Although, according to the current invention, pressure pulses are
preferably generated using the oscillating rotary pulser 12
described above, the principle of controlling one or more
characteristics of the pressure pulses transmitted to the surface
by sensing the generated pressure pulses or by transmitting
instructions to the down hole pulser is also applicable to other
types of pulsers, including reciprocating valve type pulsers and
convention rotary pulsers, provided that, by employing the
principals of the current invention, they can be adapted to permit
variations in one or more characteristics of the pressure pulses.
For example, a special controller, motor driver, variable speed
motor and down hole dynamic pressure transducer constructed
according to the teachings of the current invention could be
incorporated, as required, into a conventional siren type rotary
pulser system, discussed above. This would allow the surface
detection system to transmit information, by way of pressure pulses
generated at the surface as discussed above, to the controller of
the down hole pulser instructing it, for example, to increase the
rotational speed of the siren because data reception at the surface
was being impaired by inference from extraneous pressure pulses at
a frequency close to that of the siren frequency.
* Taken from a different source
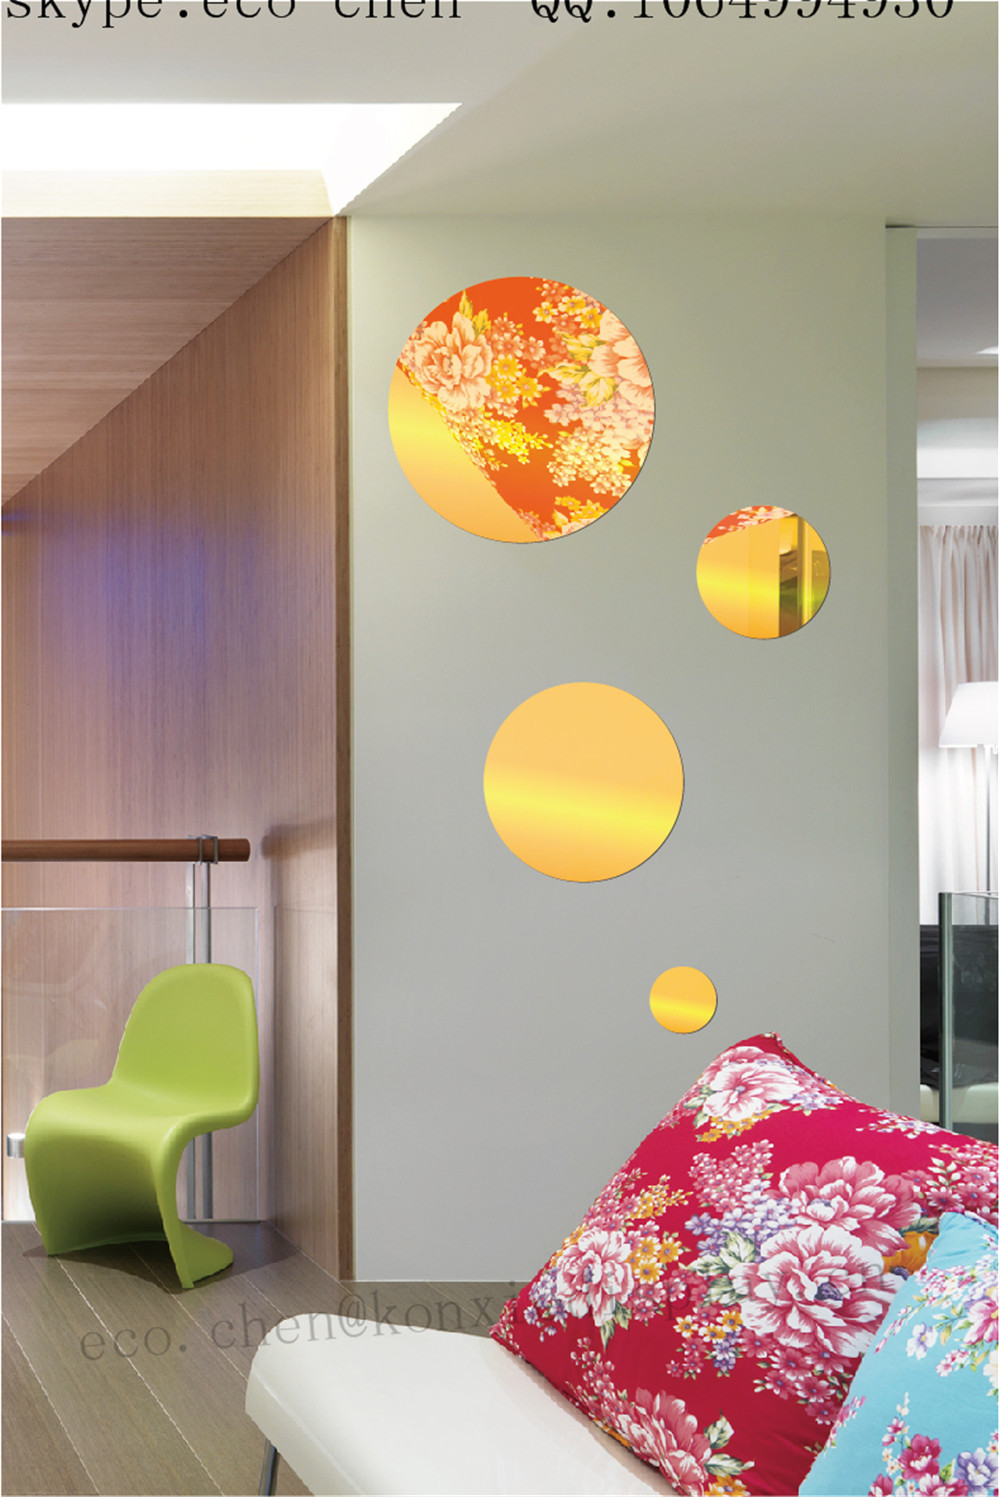 Acryl kreise dekoration wand h ngen andere h usliche dekoration produkt id 60324568898 german - Ubergang wand decke acryl ...

The controller
would then instruct the motor driver to increase the electrical
power to the motor so as to increase the siren frequency.
Alternatively, the controller could instruct the motor so as to
adjust the phase shift of the pressure pulses relative to a
reference signal that is used to encode the data. As another
example, a conventional rotary pulser employing an escapement
mechanism actuated by an electrically operated solenoid, such as
that discussed above, could be modified with a controller that
varied the operation of the solenoid so as to vary the duration or
frequency of the pulses, for example, based on a comparison between
the sensed duration or frequency of the pressure pulses generated
by the down hole pulser or based upon instructions from the surface
system deciphered by the down hole dynamic pressure transducer.
Thus, although the current invention has been illustrated by
reference to certain specific embodiments, those skilled in the
art, armed with the foregoing disclosure, will appreciate that many
variations could be employed. For example, although the invention
has been discussed with reference to a reversible electric motor,
other motors, such as hydraulic motors capable of being quickly
energized, could also be utilized.
Therefore, it should be appreciated that the current invention may
be embodied in other specific forms without departing from the
spirit or essential attributes thereof and, accordingly, reference
should be made to the appended claims, rather than to the foregoing
specification, as indicating the scope of the invention.